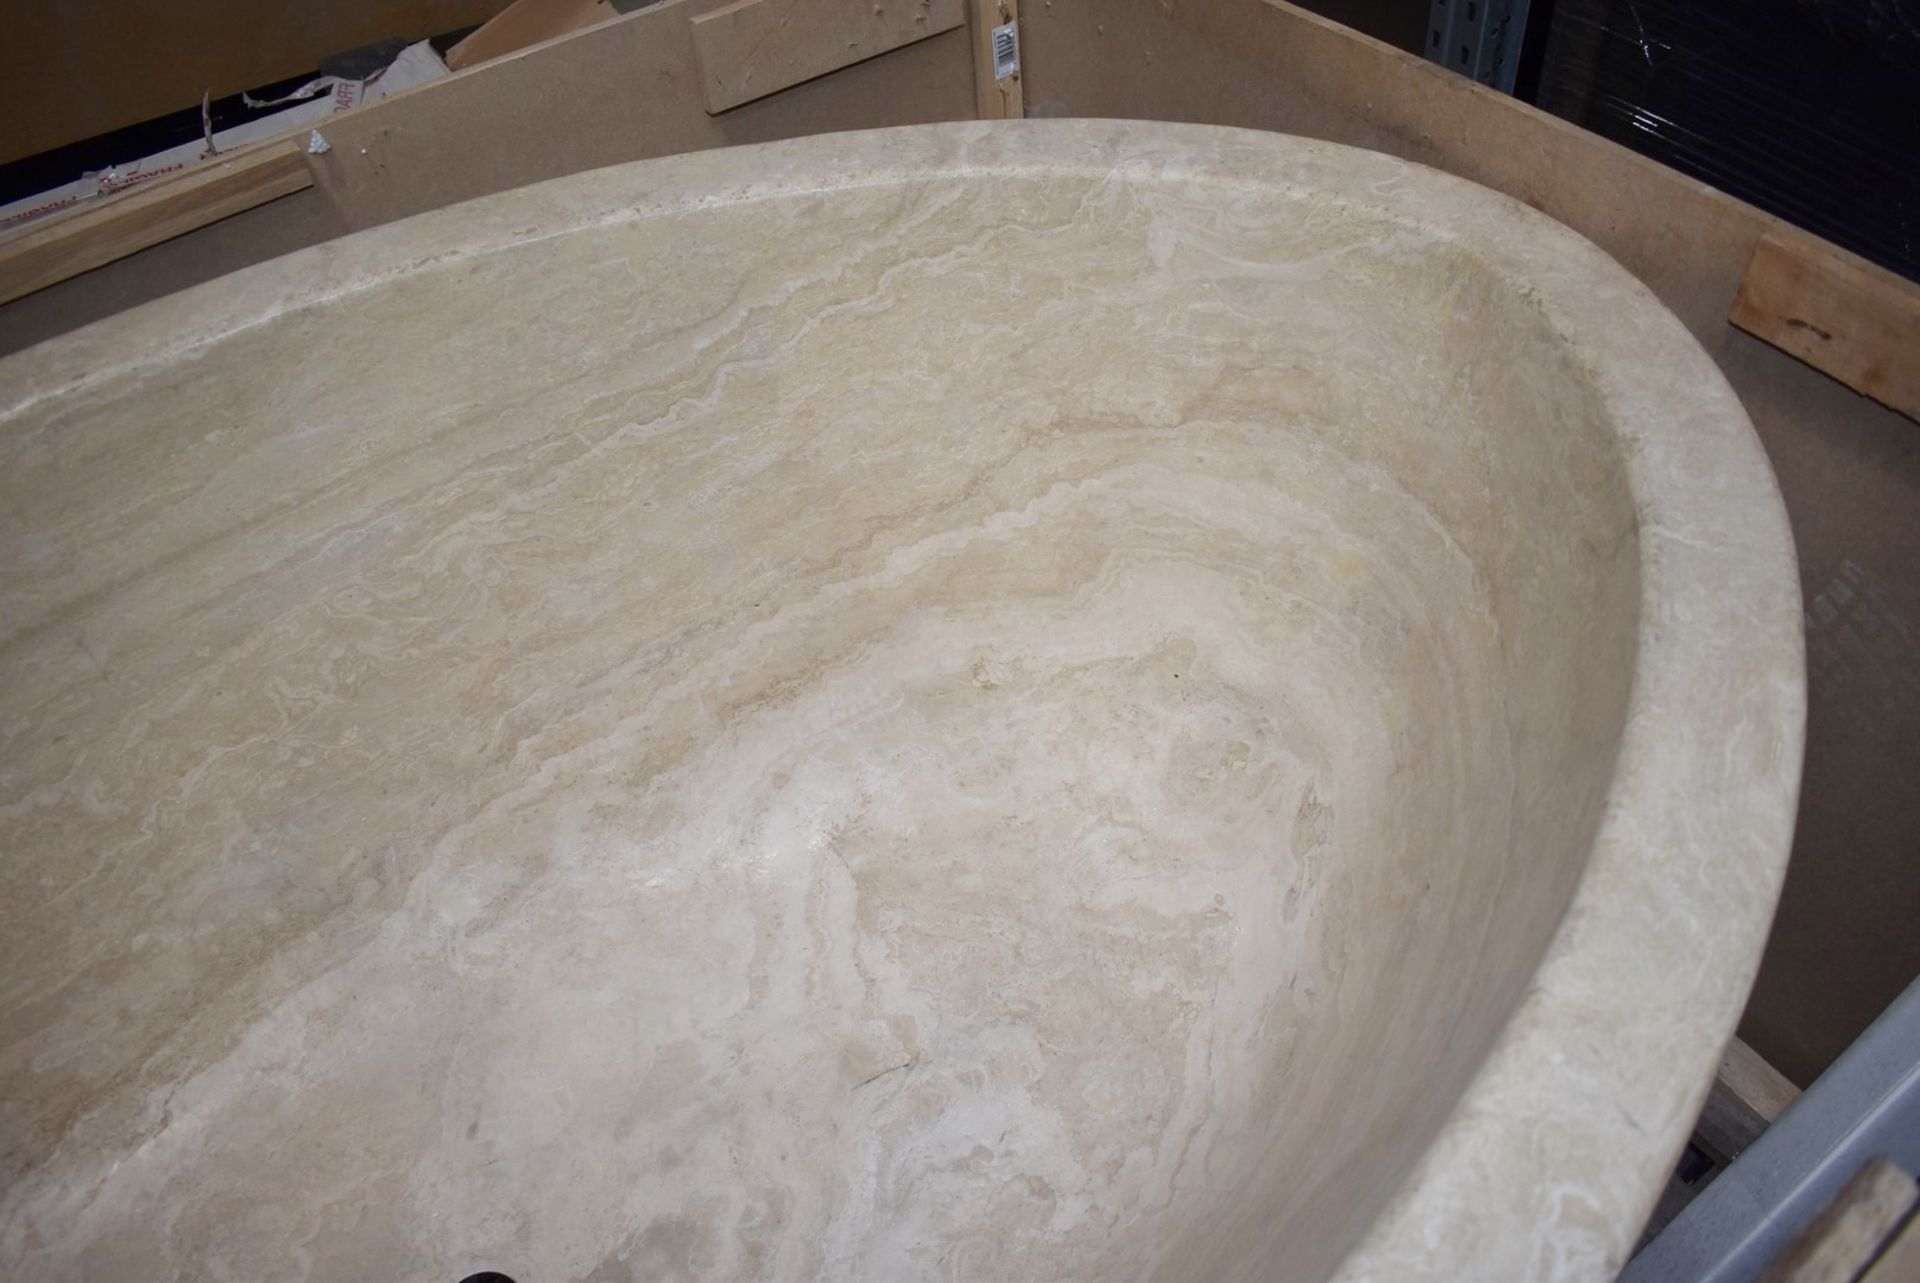 1 x Stonearth Luxury Grand Travertine Bath - Made From a Solid Piece of Stone - RRP £19,000 - New! - Image 12 of 25
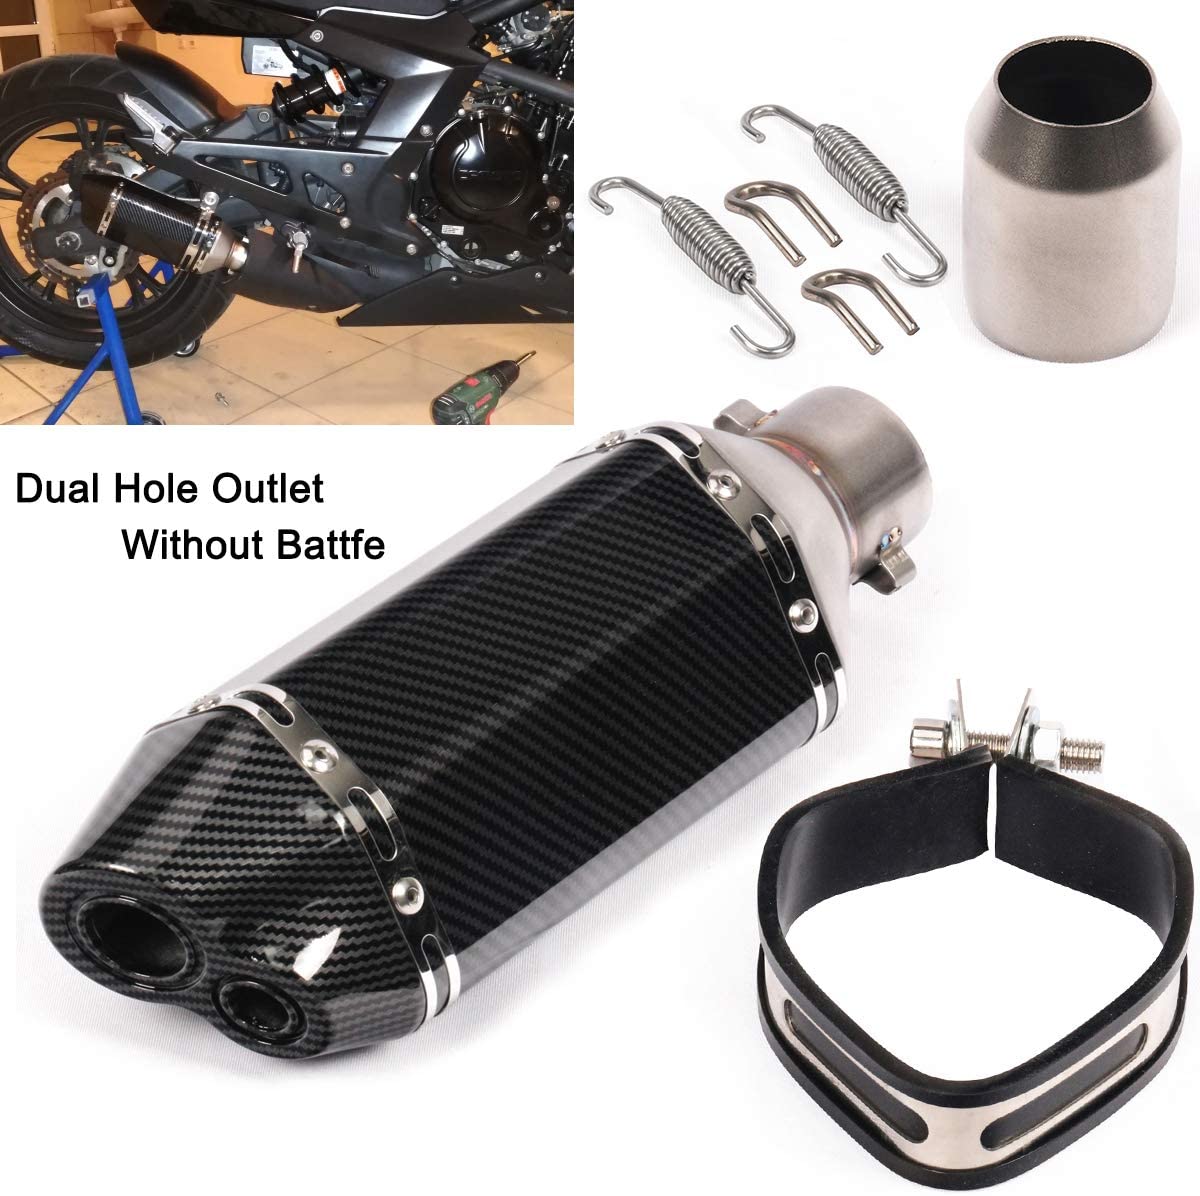 Buy ISTUNT Motorcycle Dual Outlet 12.2 Universal Exhaust Muffler Carbon  Pattern Stainless Steel Slip on 2 Inlet with 38 to 51mm Welding Adaptor NO  DB Killer Silencer Online in Indonesia. B086XC4NVJ
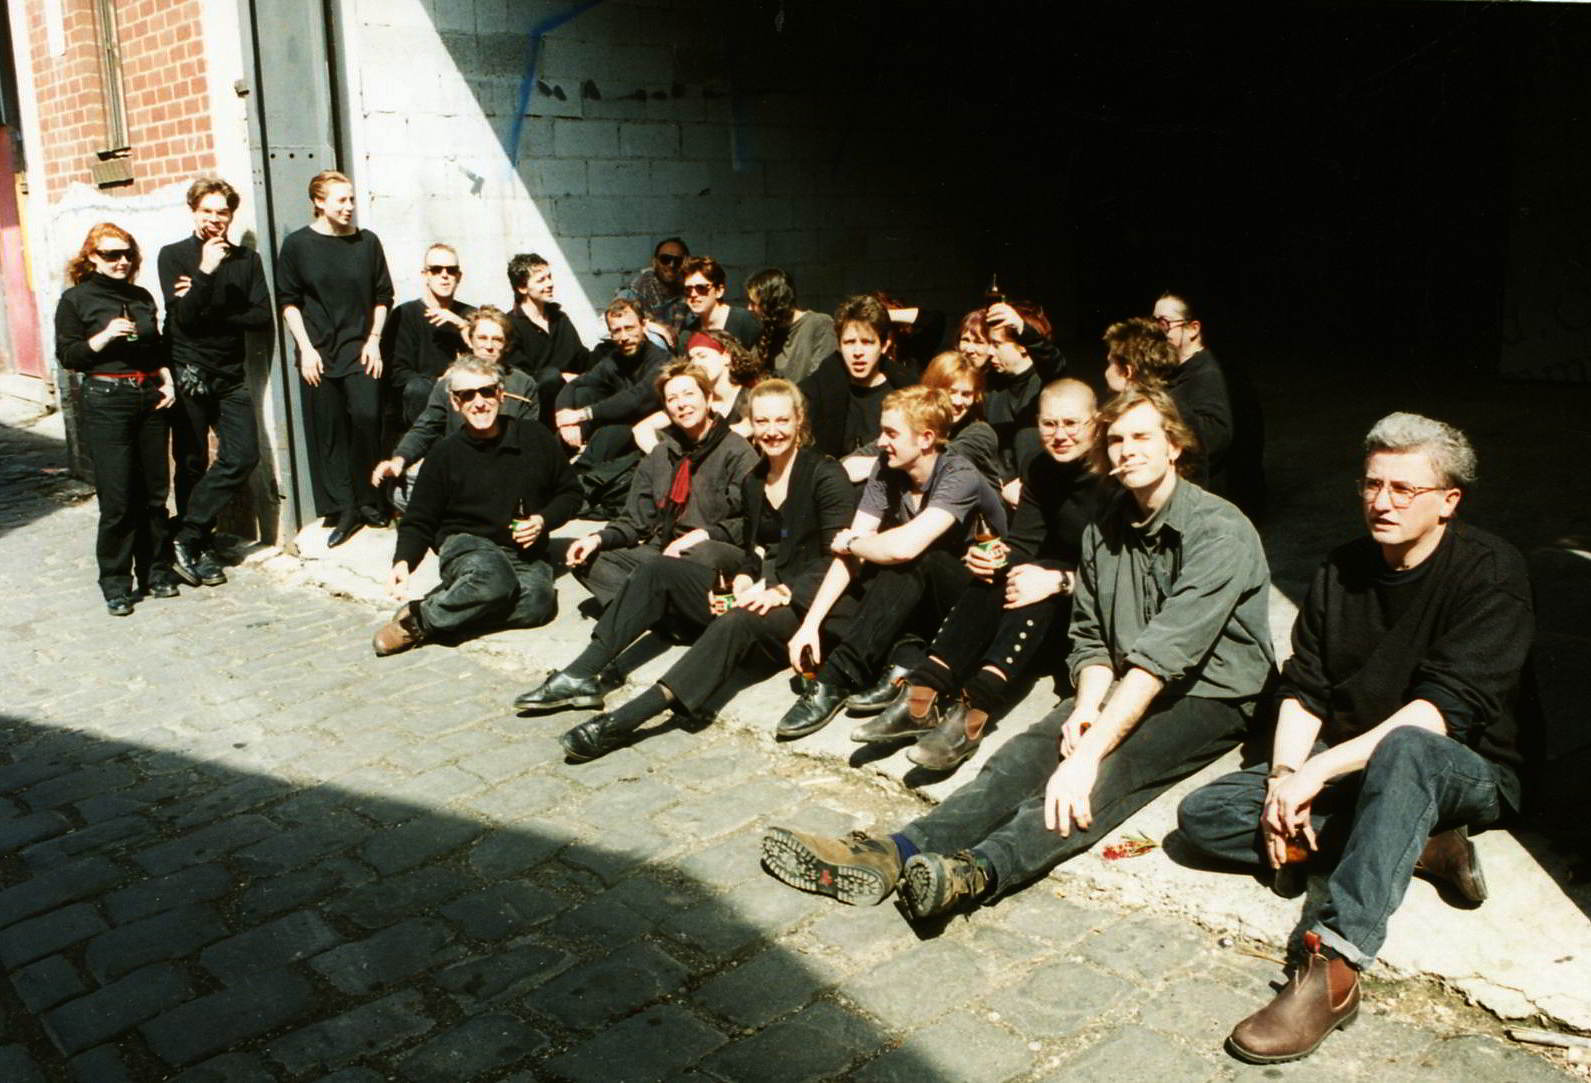 Held on the Breath of the Wind Handspan Theatre group portrait of performers sitting in a cobbled laneway

• _YOUR OBJECTIVE_:
Reproduce only the lines from the beginning of the data through the line that contains "Buy ISTUNT Motorcycle", both included, and please drop the pictures.

• _PROBLEM SOLUTION_:
 1 x Stonearth Luxury Grand Travertine Bath - Made From a Solid Piece of Stone - RRP £19,000 - New! - Image 12 of 25
 Buy ISTUNT Motorcycle Dual Outlet 12.2 Universal Exhaust Muffler Carbon  Pattern Stainless Steel Slip on 2 Inlet with 38 to 51mm Welding Adaptor NO  DB Killer Silencer Online in Indonesia. B086XC4NVJ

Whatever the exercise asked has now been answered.